- Episode nos.: Series 8 Episodes 6 & 7
- Directed by: Ed Bye
- Written by: Doug Naylor (Part 1); Doug Naylor & Paul Alexander (Part 2);
- Original air dates: 7 March 1999 (US, Parts I & II); 25 March 1999 (UK, Part I); 1 April 1999 (UK, Part II);

Guest appearances
- Mac McDonald as Captain Hollister; Graham McTavish as Warden Ackerman; Shend as Warden Knot; Jake Wood as Kill Crazy; Andrew Alston as Mex; Holly Earl as Young Kochanski; Perri Michael as Young Cat; Ricky Grover as Baxter; Ian Masters as Birdman;

Episode chronology
| ← Previous "Krytie TV" | Next → "Only the Good..." |
- Red Dwarf VIII

= Pete (Red Dwarf) =

"Pete" is a two-part episode from the science fiction sitcom Red Dwarf's eighth series. Part I was first broadcast in the United States on 7 March 1999 and then on the British television channel BBC2 on 25 March 1999. The second part was broadcast the same day as the first part in the US and on 1 April for the British broadcast. The first part was written by Doug Naylor and the second was written between Naylor and Paul Alexander. Both parts were directed by Ed Bye. The two parts (the second in particular) are often collectively cited as among the weakest examples of a Red Dwarf story in the show's history.

==Plot==
===Part One===
The story begins with Lister (Craig Charles) and Rimmer (Chris Barrie) being escorted to see Captain Hollister (Mac McDonald) in his office. Hollister is with Warden Ackerman (Graham McTavish) on whom they played a prank. The prank in question concerned Ackerman and a truth serum; Hollister reports him "rushing onto the bridge this morning, apologising for being late, saying he had been having 'jiggy jiggy' with the science officer's wife and had not allowed enough time to change out of his Batman outfit." Their punishment pits a team of their choice against Ackerman and the prison guards in a game of basketball.

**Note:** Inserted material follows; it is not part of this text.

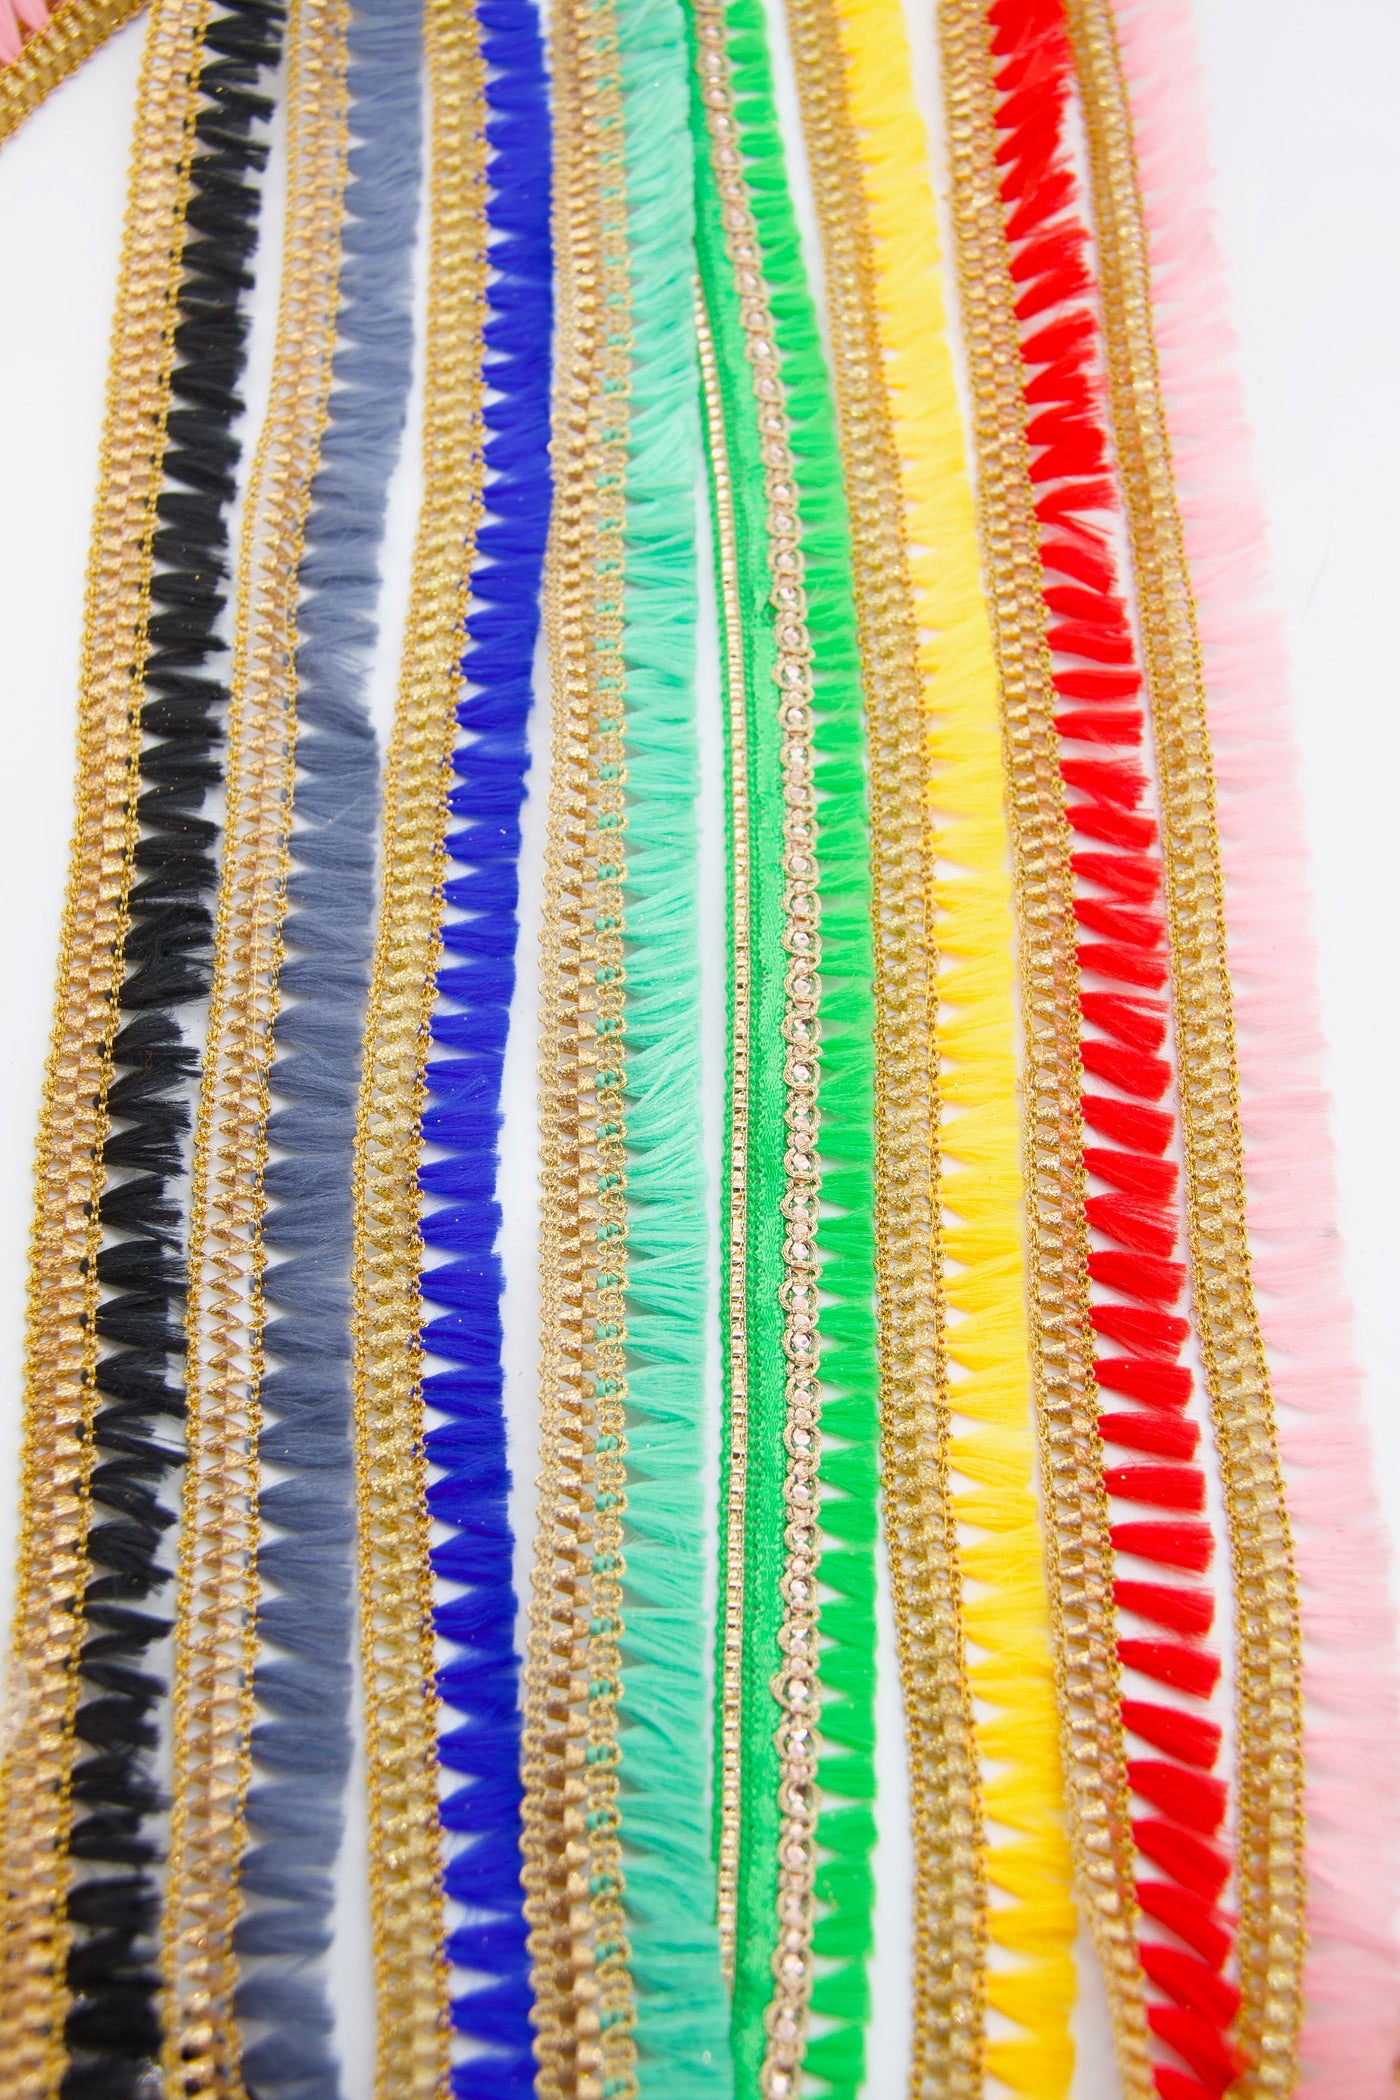 Skinny Indian Ribbon, Holiday Craft or Jewelry Supplies, Tassels and trim, all in one

After the first half, the crew are losing badly. Lister's team consists of him, Rimmer, the Cat (Danny John-Jules), Kryten (Robert Llewellyn), and Kochanski (Chloë Annett). Rimmer and Lister tell the others that their opponents' half-time drinks had been spiked with a sort of Viagra. This is noticed in the next half, with the crew winning against the guards, who are forced to bend over to cover their erections.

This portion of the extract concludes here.